What you should do: Copy every line of the data below exactly as given, except for the pictures.

Recorded data:
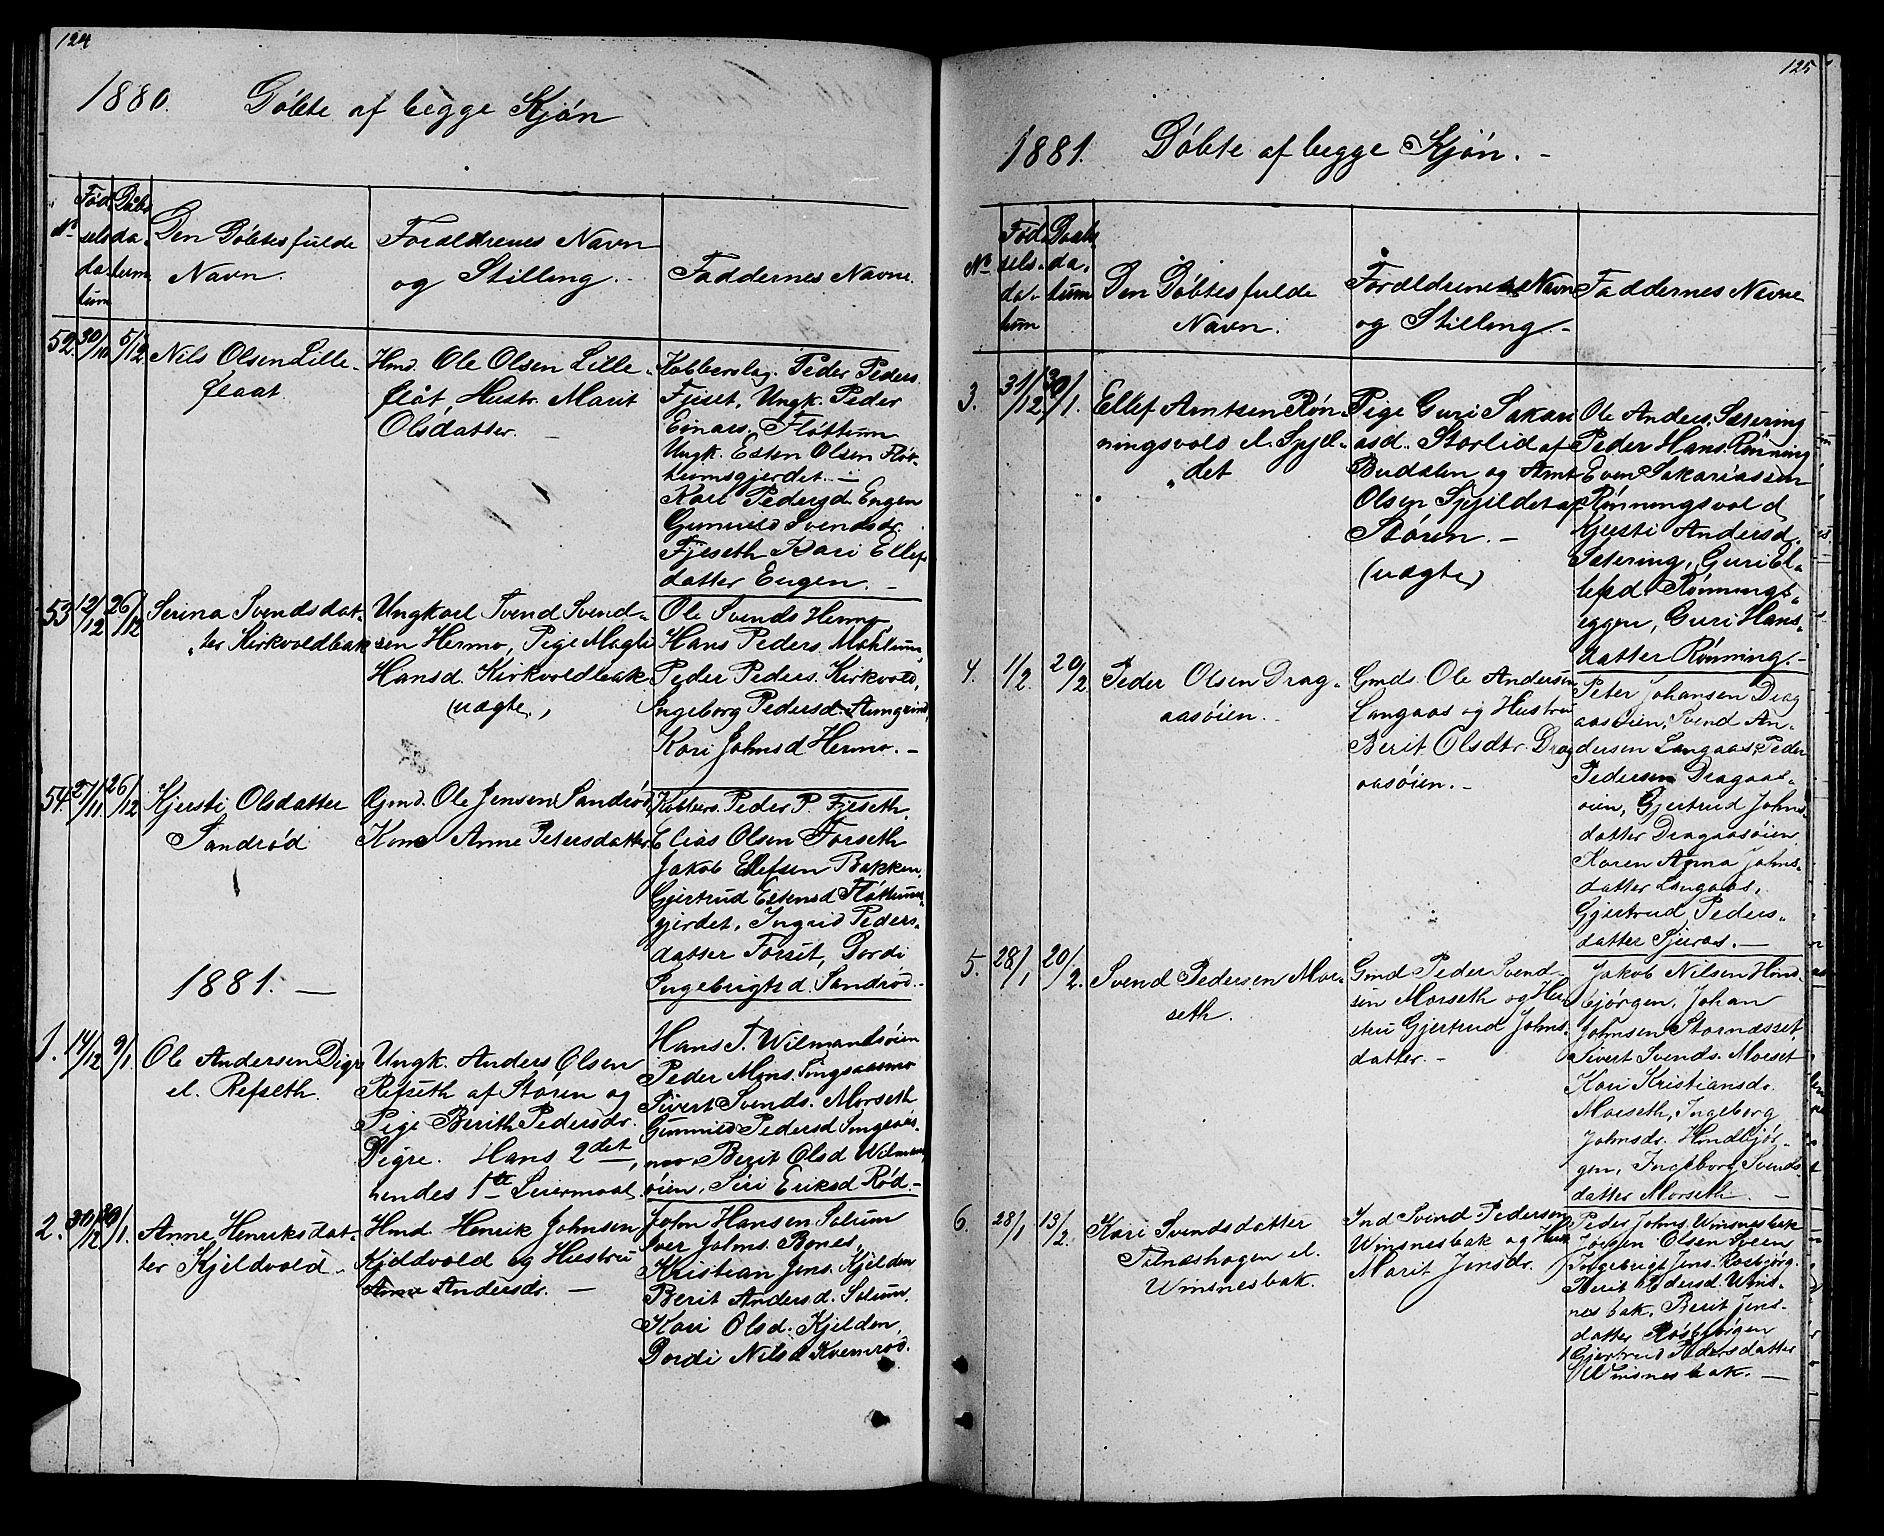 SAT, Ministerialprotokoller, klokkerbøker og fødselsregistre - Sør-Trøndelag, 688/L1027: Klokkerbok nr. 688C02, 1861-1889, s. 124-125
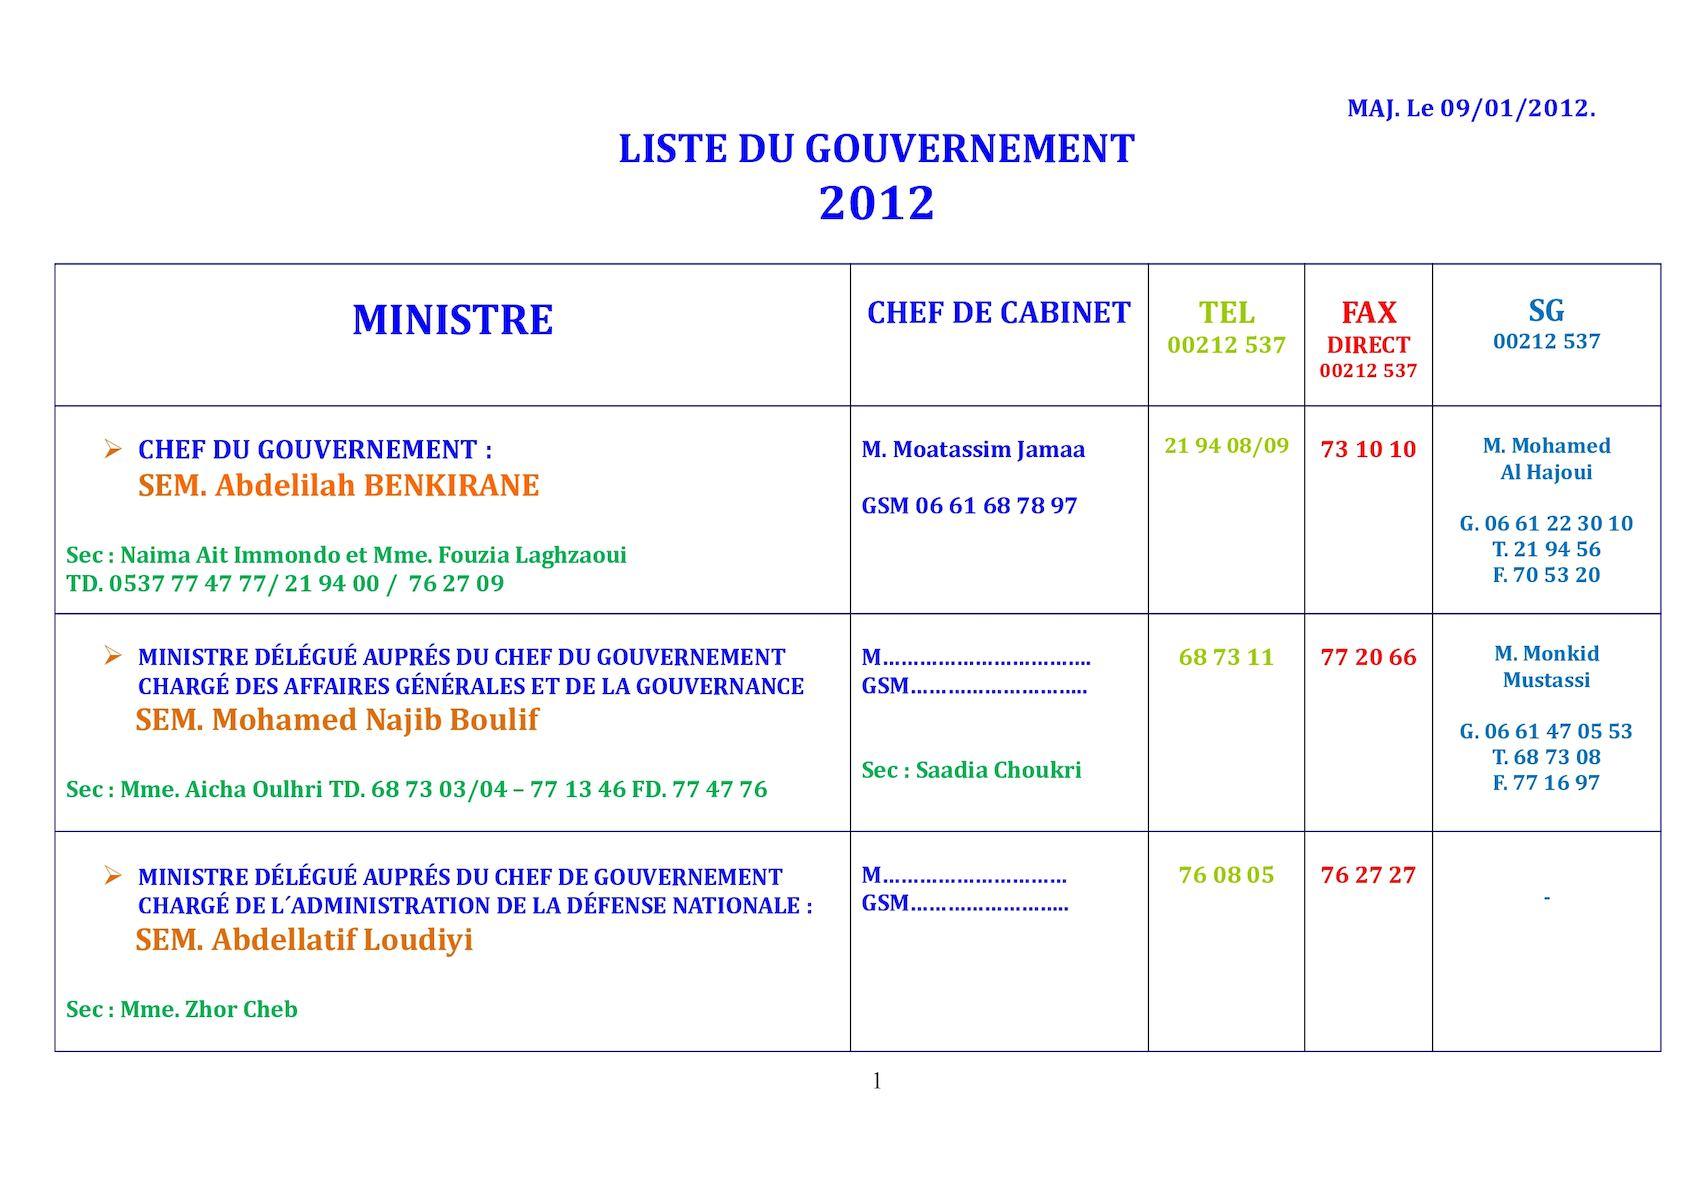 Liste Chefs De Cabinet Gouv 2012
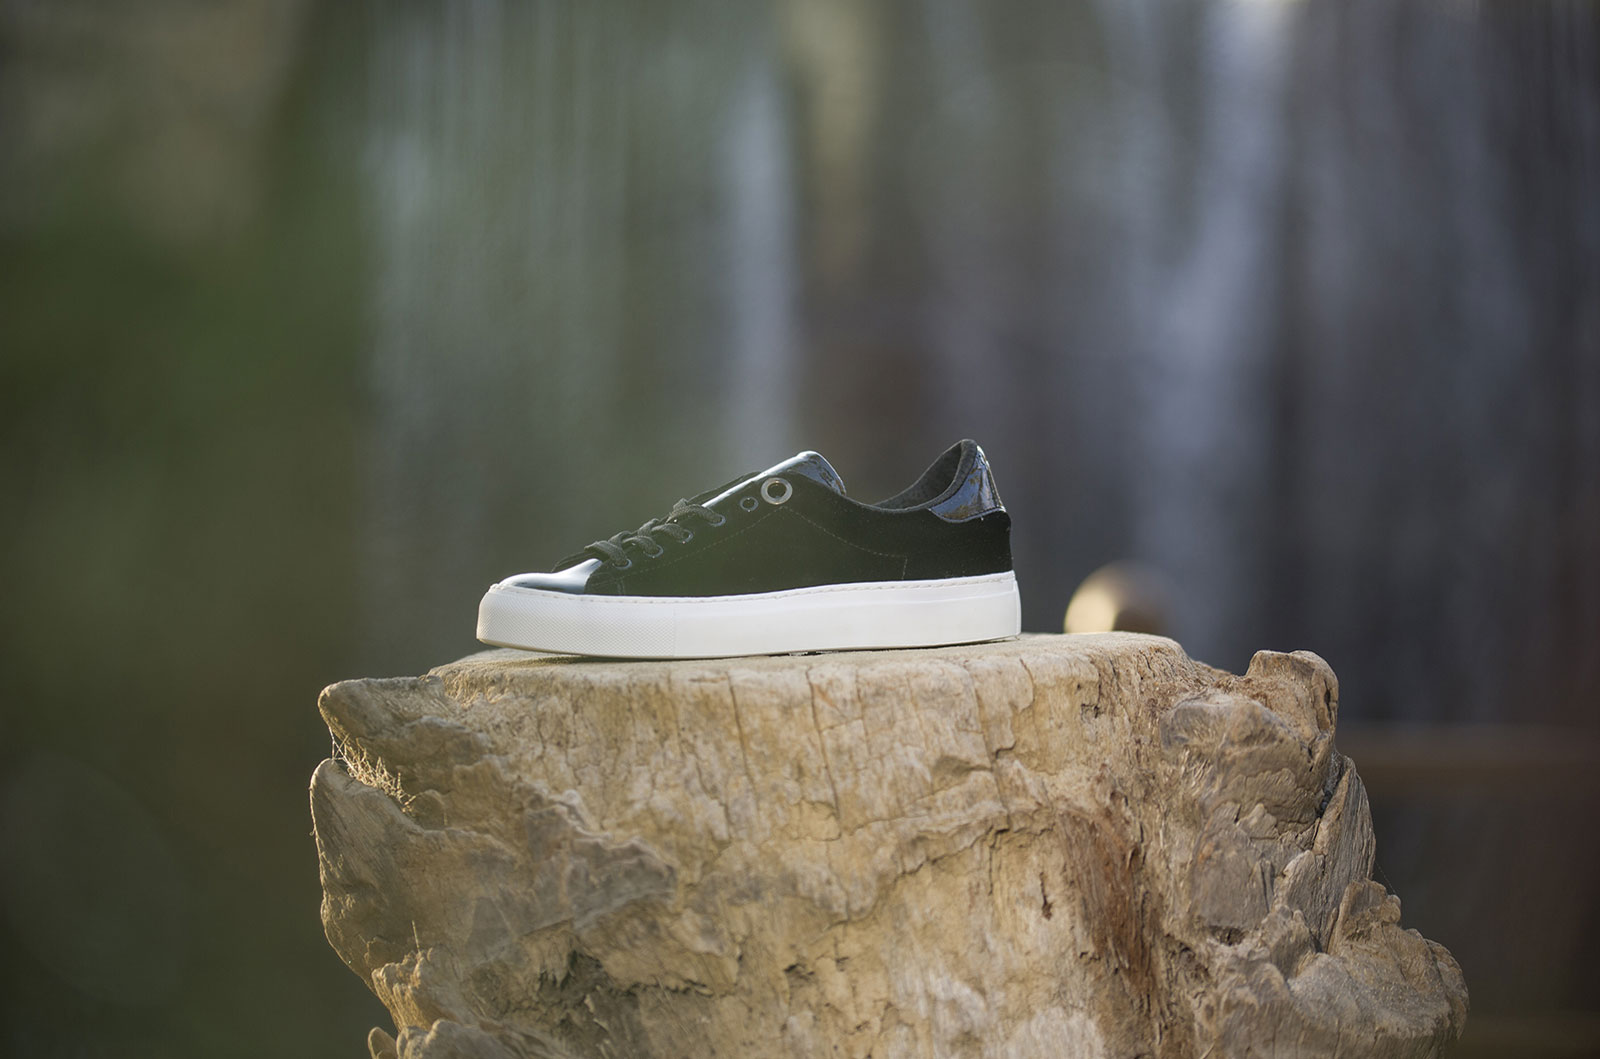 tienda online de zapatillas de deporte

Answer area:
 SAT, Ministerialprotokoller, klokkerbøker og fødselsregistre - Sør-Trøndelag, 688/L1027: Klokkerbok nr. 688C02, 1861-1889, s. 124-125
 Liste Chefs De Cabinet Gouv 2012
 tienda online de zapatillas de deporte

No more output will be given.